» EXERCISE OBJECTIVE
Reproduce every line below exactly as written; do not include the images.

» PROVIDED MATERIAL
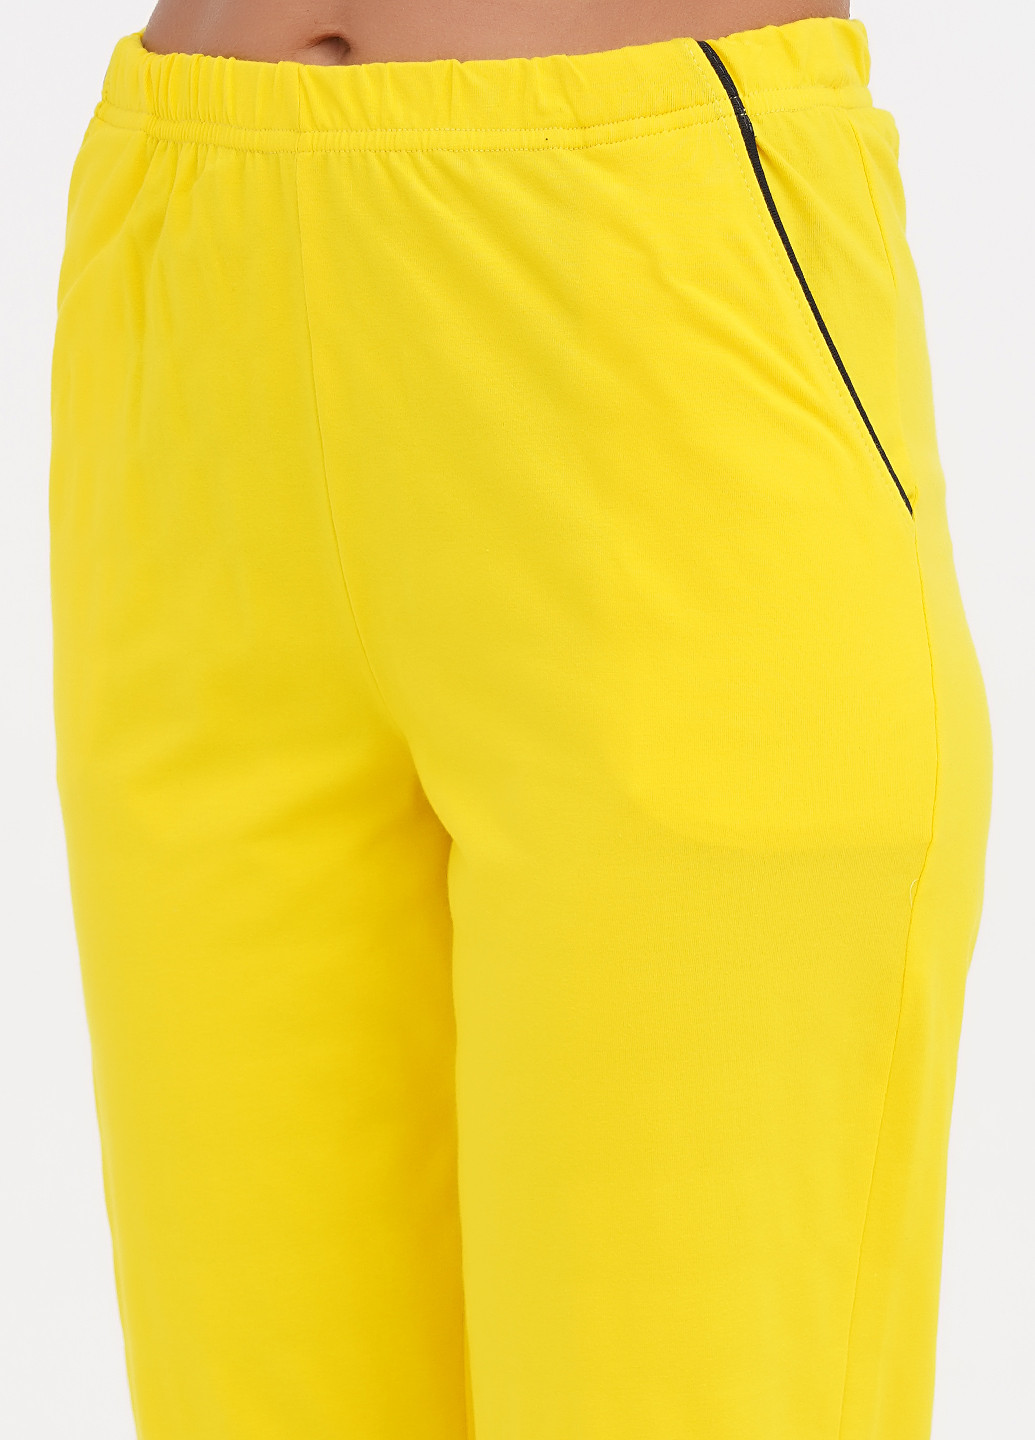 Желтая всесезон пижама (футболка, брюки) футболка + брюки Lucci
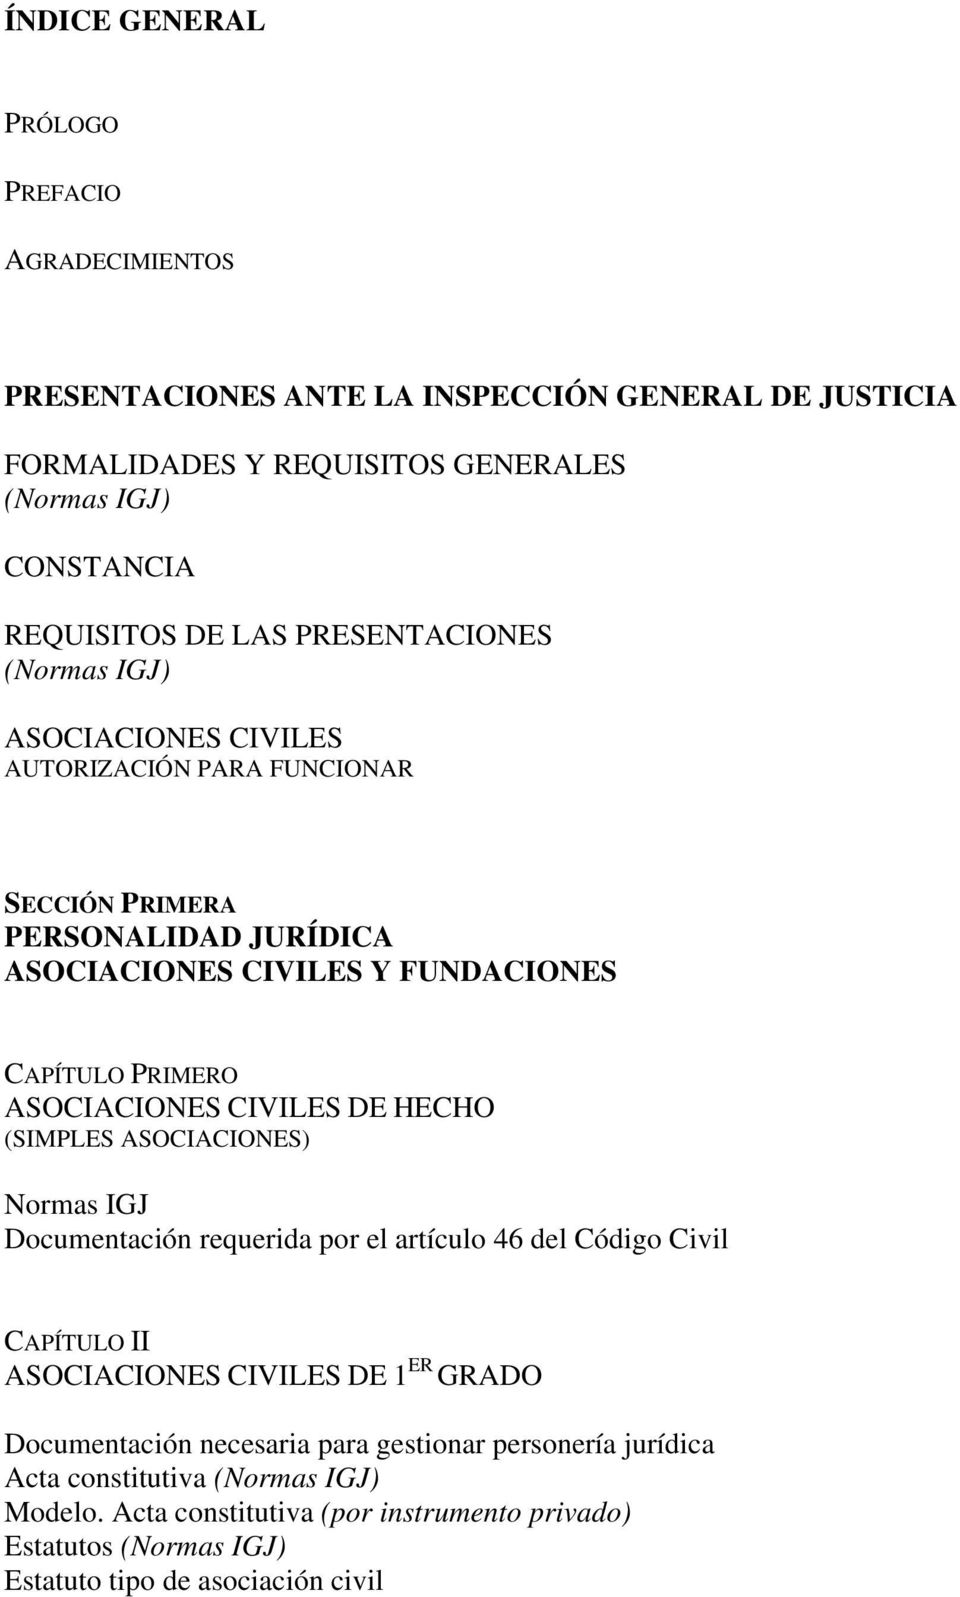 PRESENTACIONES ANTE LA INSPECCIÓN GENERAL DE JUSTICIA - PDF Descargar libre
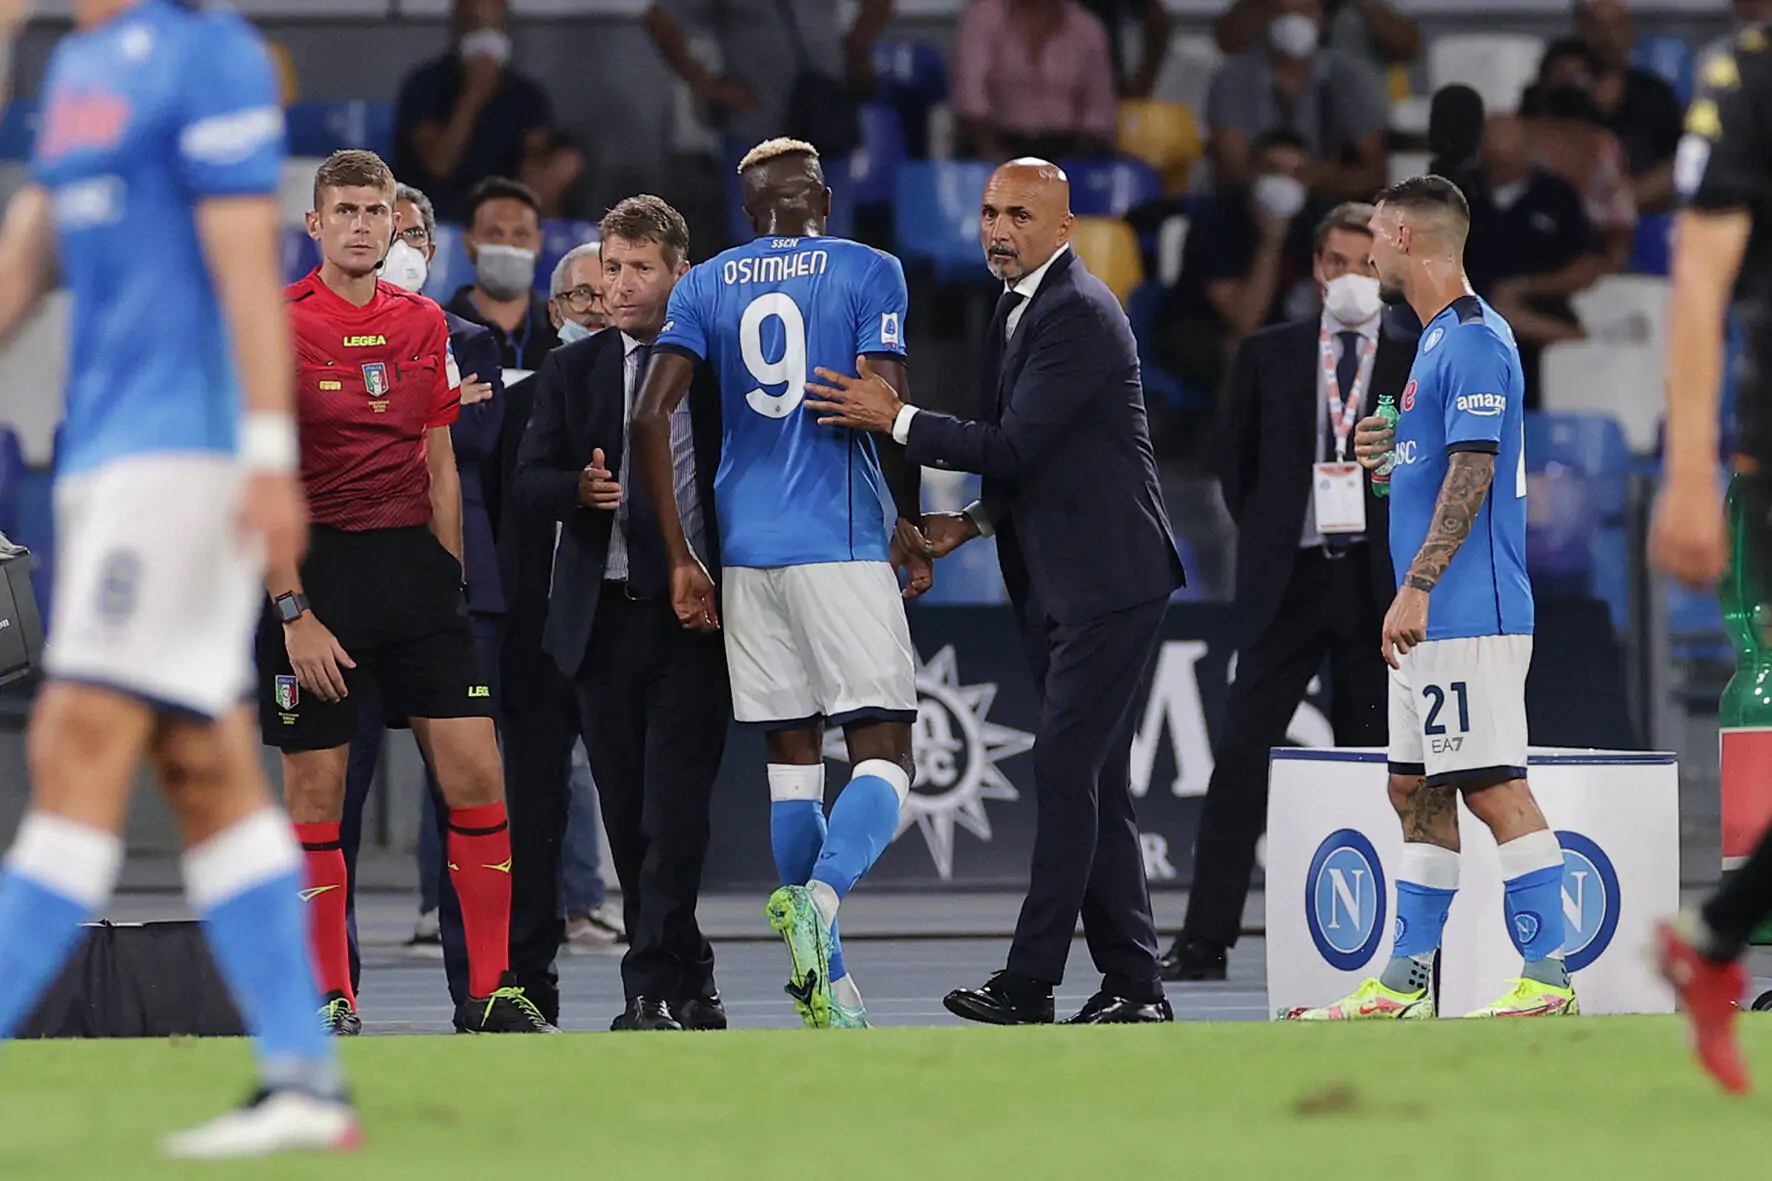 “Il Napoli ha dominato, peccato per le leggerezze”: le parole dell’ex calciatore

» EXPECTED ANSWER
 Желтая всесезон пижама (футболка, брюки) футболка + брюки Lucci
 PRESENTACIONES ANTE LA INSPECCIÓN GENERAL DE JUSTICIA - PDF Descargar libre
 “Il Napoli ha dominato, peccato per le leggerezze”: le parole dell’ex calciatore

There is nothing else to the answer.